Business fair helps entrepreneurs with special needs sell their products
Laura Bache dished out samples of her limoncello and chocolate chip with pecans cookies for visitors at the Poway Library.
The Poway resident was showcasing her business, Oli’s Cookies, for The Special Entrepreneurs Business Fair. The plant-based cookies, without dairy products or eggs, were mixed and packaged with the help of Bache’s 8-year-old, Oliver “Oli,” who has autism.
Bache was one of the participants providing inspirational stories of how a home-based business can incorporate the labor of people with different abilities. The Aug. 6 event was organized by Vidhi Kulkarni, a Del Norte High School senior who created The Special Entrepreneurs website, which has a shopping portal where people with special needs can sell their products.
“I eventually hope to grow out of the kitchen and into a factory and create jobs for people with disabilities,” said Bache, who started Oli’s Cookies from her home in November 2022. “I think that could happen in three to five years down the road. I’m a single mom so I’m taking my time trying to grow the business and not force anything.”
Equipped with a Class B cottage food license, Bache bakes everything in her home kitchen. Sometimes Oli helps roll the dough and sometimes he taste-tests the final product. The package of Maui Mac-Nut cookies made with macadamia nuts has a picture Oli drew of a man surfing.
“Oliver is really good at doing things in repetition and I feel baking is very scientific and repetitive,” Bache said of Oli, who was diagnosed on the autism spectrum when he was 3 years old.
Bache has been a chef at several steakhouses in San Diego and most recently worked as a chef at a nursing facility in Encinitas before she decided to launch Oli’s Cookies to support her son and spreading autism awareness.
Although Bache doesn’t have employees yet, she envisions creating jobs for people with special needs in the areas of baking, packaging, accounting and marketing. Her goal is to one day hire people on the autism spectrum.
“My son is capable of doing so many things that I never imagined,” she said. “I have recipes written out with exact measurements. There’s a process of how to mix the ingredients. That’s the hardest part of making a cookie but I believe it’s very teachable. And the packaging is homemade so people can put the packaging together.”
A variety of nut-free and gluten-free cookies from oatmeal to chocolate chip are available for purchase online at oliscookiescompany.com. Some of them were made using coconut oil instead of butter and almond milk, oat milk or coconut milk instead of regular milk. Oli’s Cookies are also available at the Corner Mercantile & Eatery store in La Jolla.
Prices vary from $15 to $19 per dozen. Bache said she sold close to 100 bags last holiday season and hopes to double that amount during the upcoming holidays.
Kulkarni said she reached out to local businesses she found online and invited them to the fair. Several participants showed up and several more said they have an interest in attending a future fair, she said.
The common thread is that the businesses are owned by people with disabilities, Kulkarni said.
“My goal with this fair is to expose the public to some of these businesses and business owners,” said Kulkarni, who lives in 4S Ranch. “They’re all talented with unique products. The mission of The Special Entrepreneurs is to focus on what people can do versus what they cannot do.”

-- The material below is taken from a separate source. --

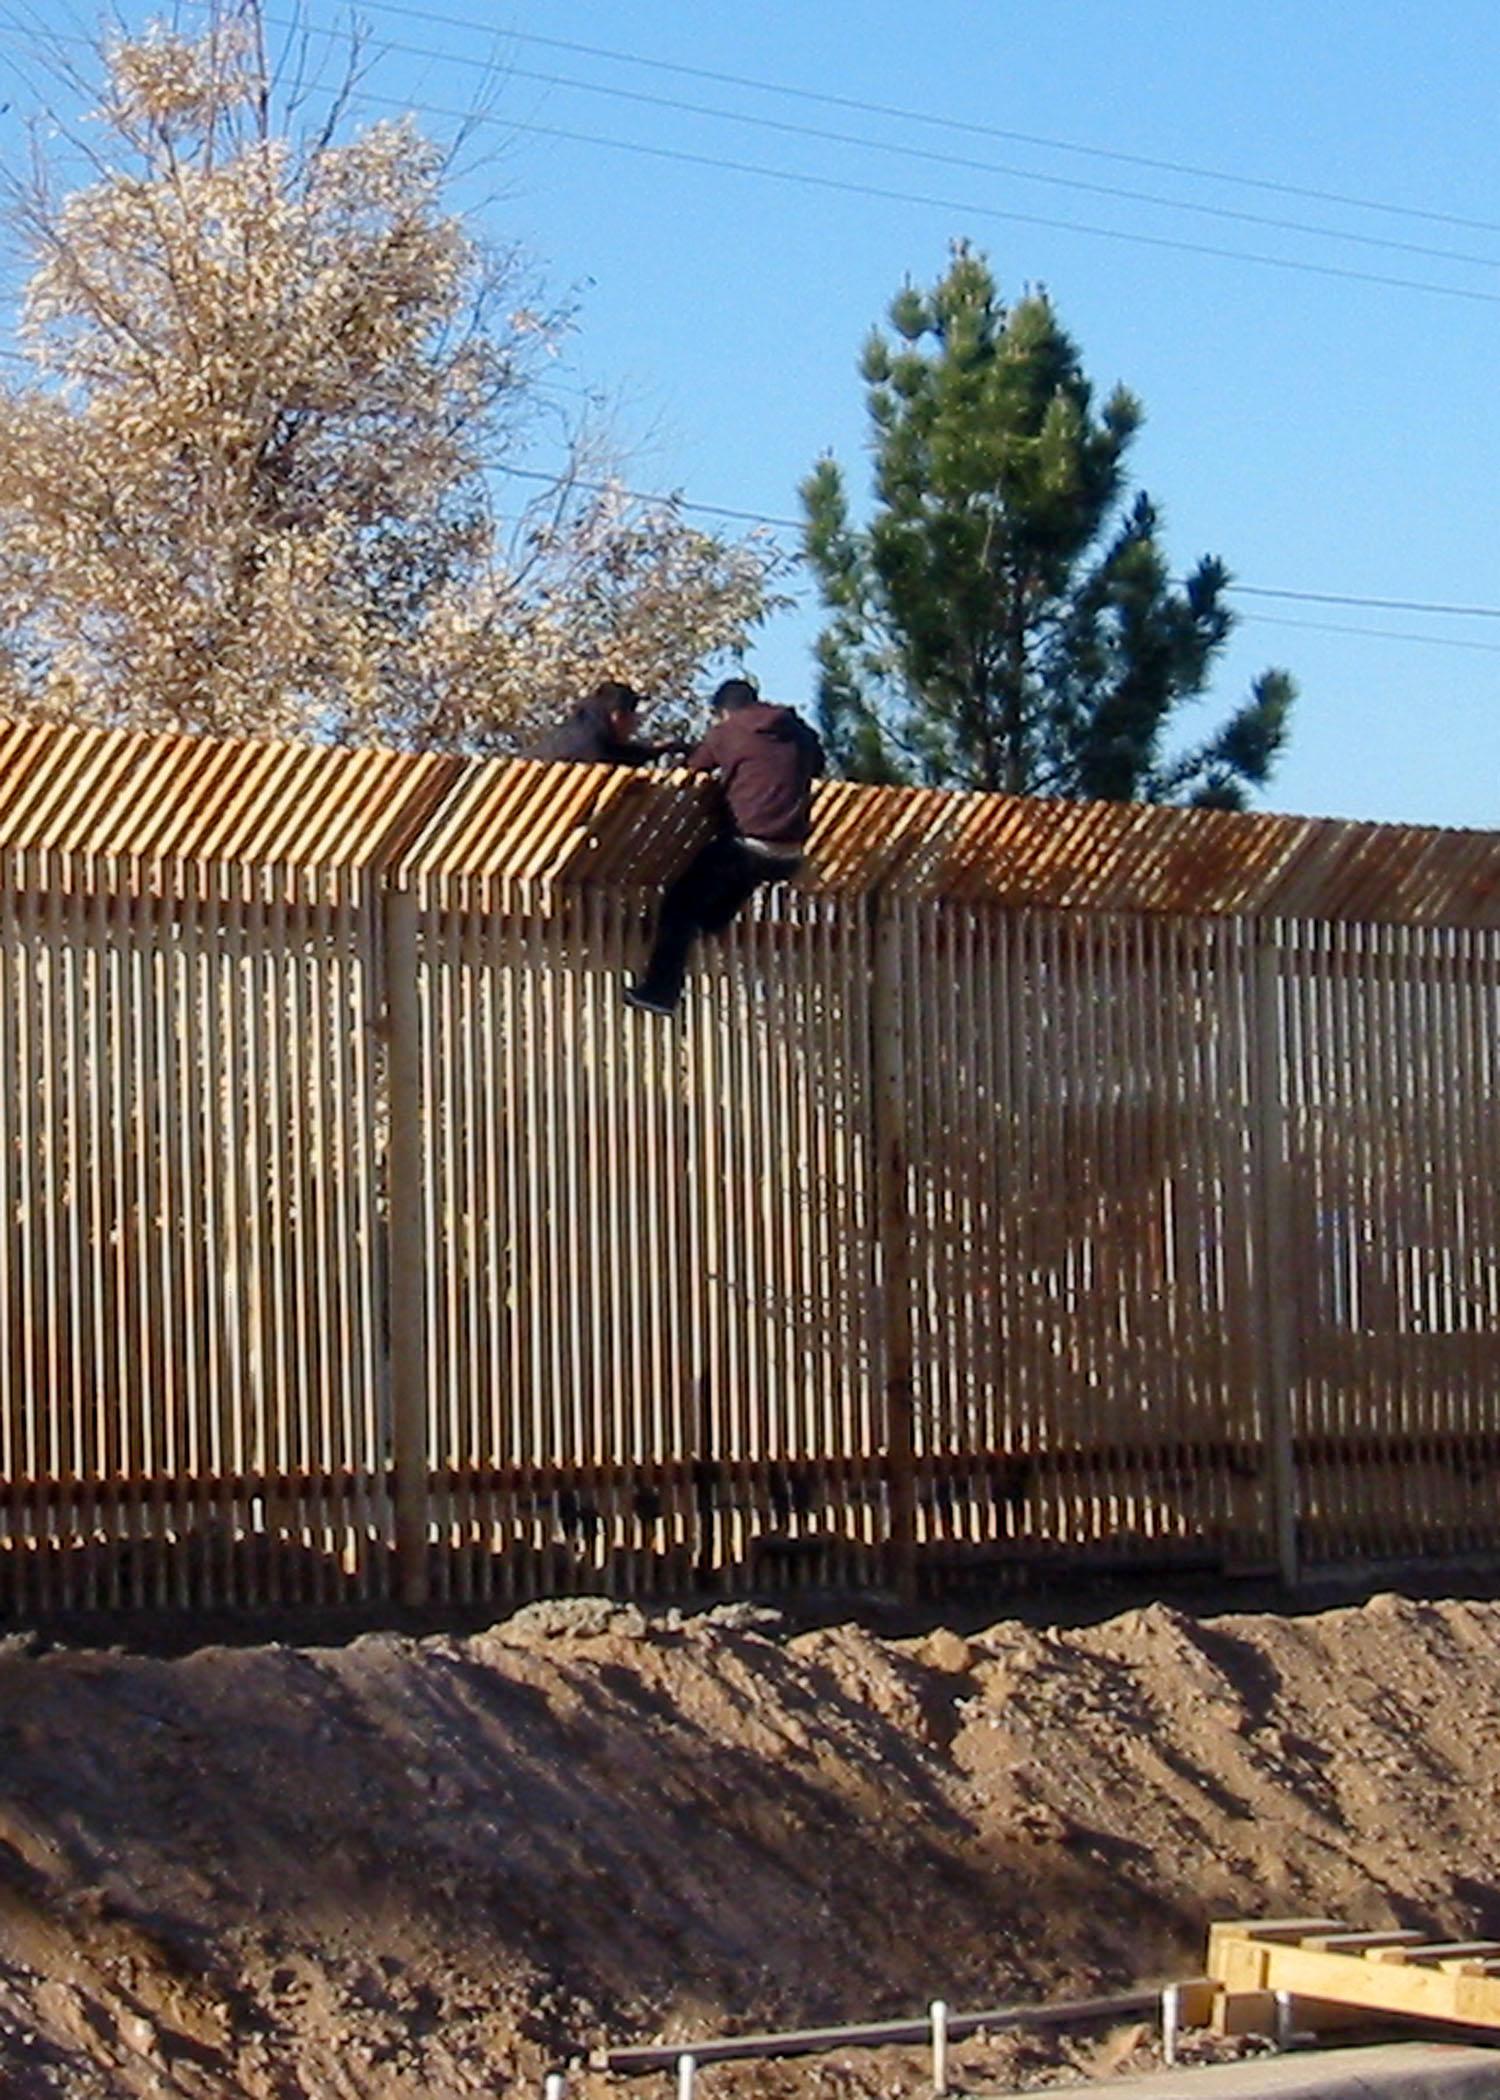 Build a Border Wall? Food for Thought | ImmigrationReform com

Some of the business fair participants are already selling their products through The Special Entrepreneurs’ website, thespecialpreneurs.org.
One business fair participant, Poli’s Woodcraft, was named after a special needs entrepreneur, Policarpo “Poli” Despaigne.
Despaigne, 23, has been making pens for the last 10 years. He brings out the beauty of wood — Indian rosewood, marblewood, zebrawood, padauk and olive — by sanding and polishing the pieces.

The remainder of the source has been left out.